I'm letting my self get it in a number of weeks if it is still the handbag love of my life then as it is now.. as this is only day two of my drooling stage and there needs to be a few more days before handing out that much. 

again please state your opinions on it


----------



## browneyedbaby (Jun 23, 2008)

I think it's gorgeous and classic... how much is it?


----------



## elegant-one (Jun 23, 2008)

I think its a sharp bag too! Classy. But then, I've always been a high price handbag lover...so, maybe I shouldn't enable you 
	

	
	
		
		

		
		
	


	




I find that I carry them longer, they wear better....and its just niiiice to carry them.


----------



## zabbazooey (Jun 23, 2008)

It $685. It will last you a LONG time, and won't go out of style. I say go for it!
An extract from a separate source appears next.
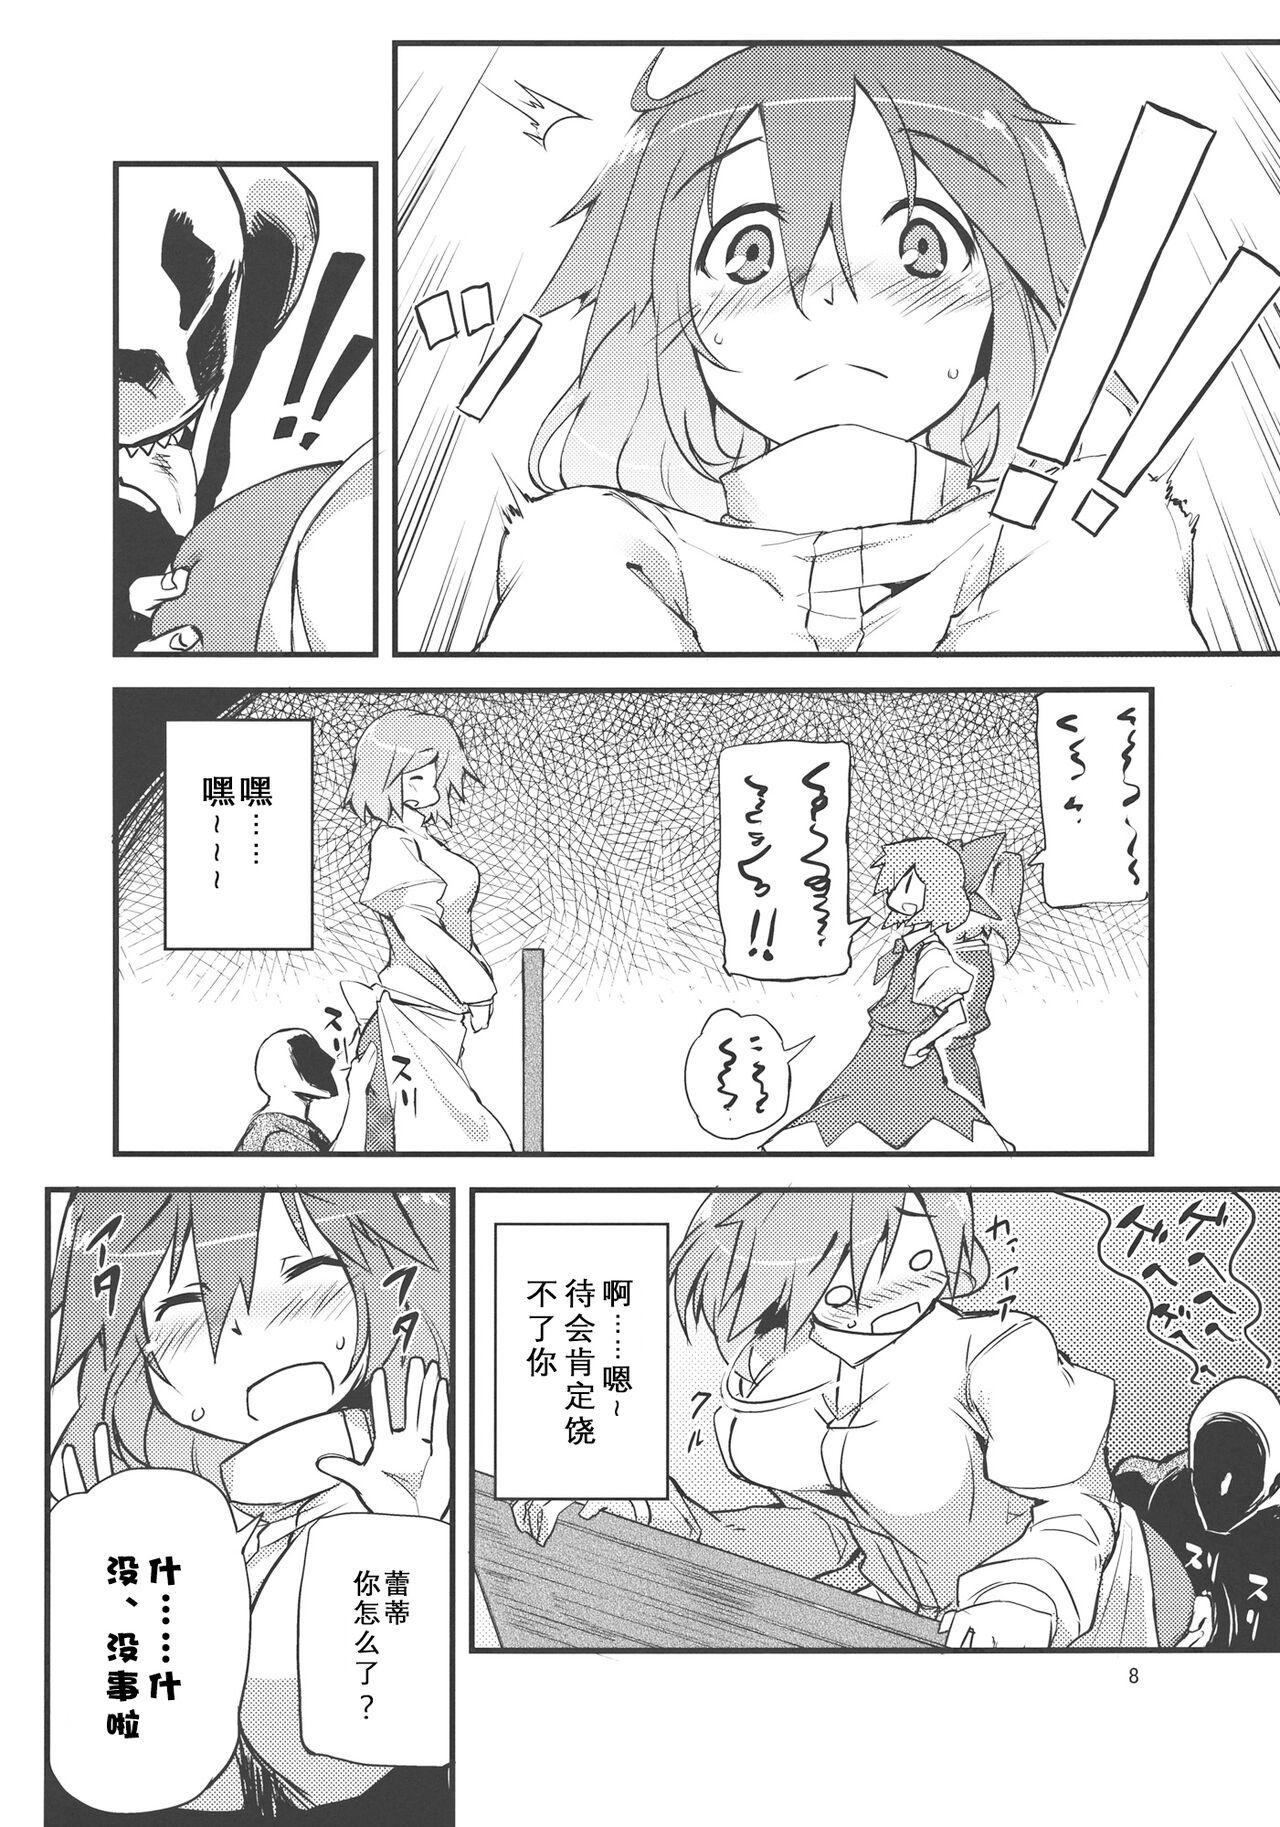 Smooth x Letty | ×蕾蒂 - Touhou project Porn Pussy - Page 8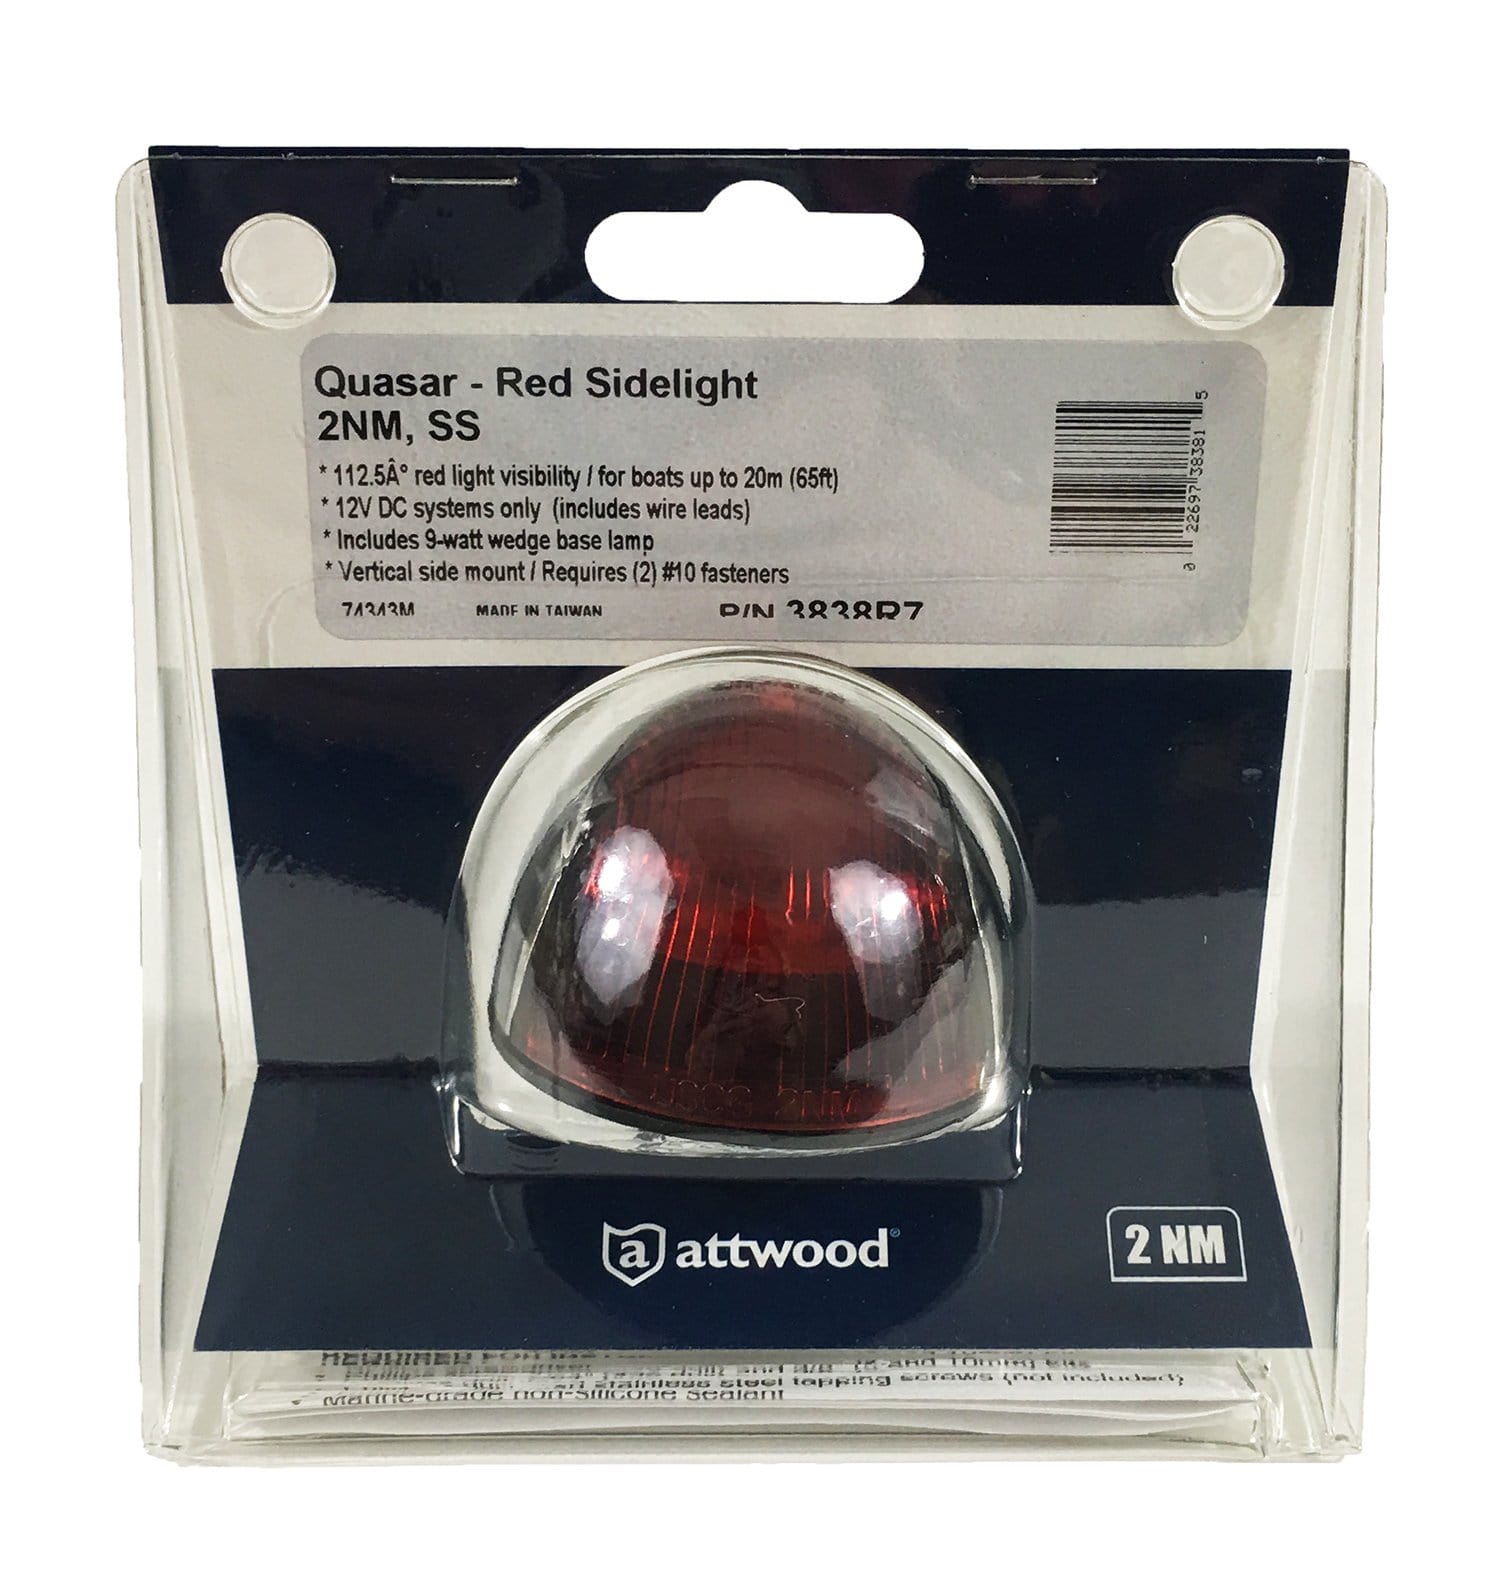 Attwood 3838R7 2-Mile Vertical Mount Sidelight, Red

It's an investment


----------



## bebs (Jun 23, 2008)

as stated above it retails for $685 there are a few great sites that carry it and one that has a discount code of 15% off so with taxes it brings it down close to $630 in the end 

and ahh you all are my new best friends, I told one of my friends.. and she is all, you are completely insane for spending that amount on a purse, can I borrow it?


----------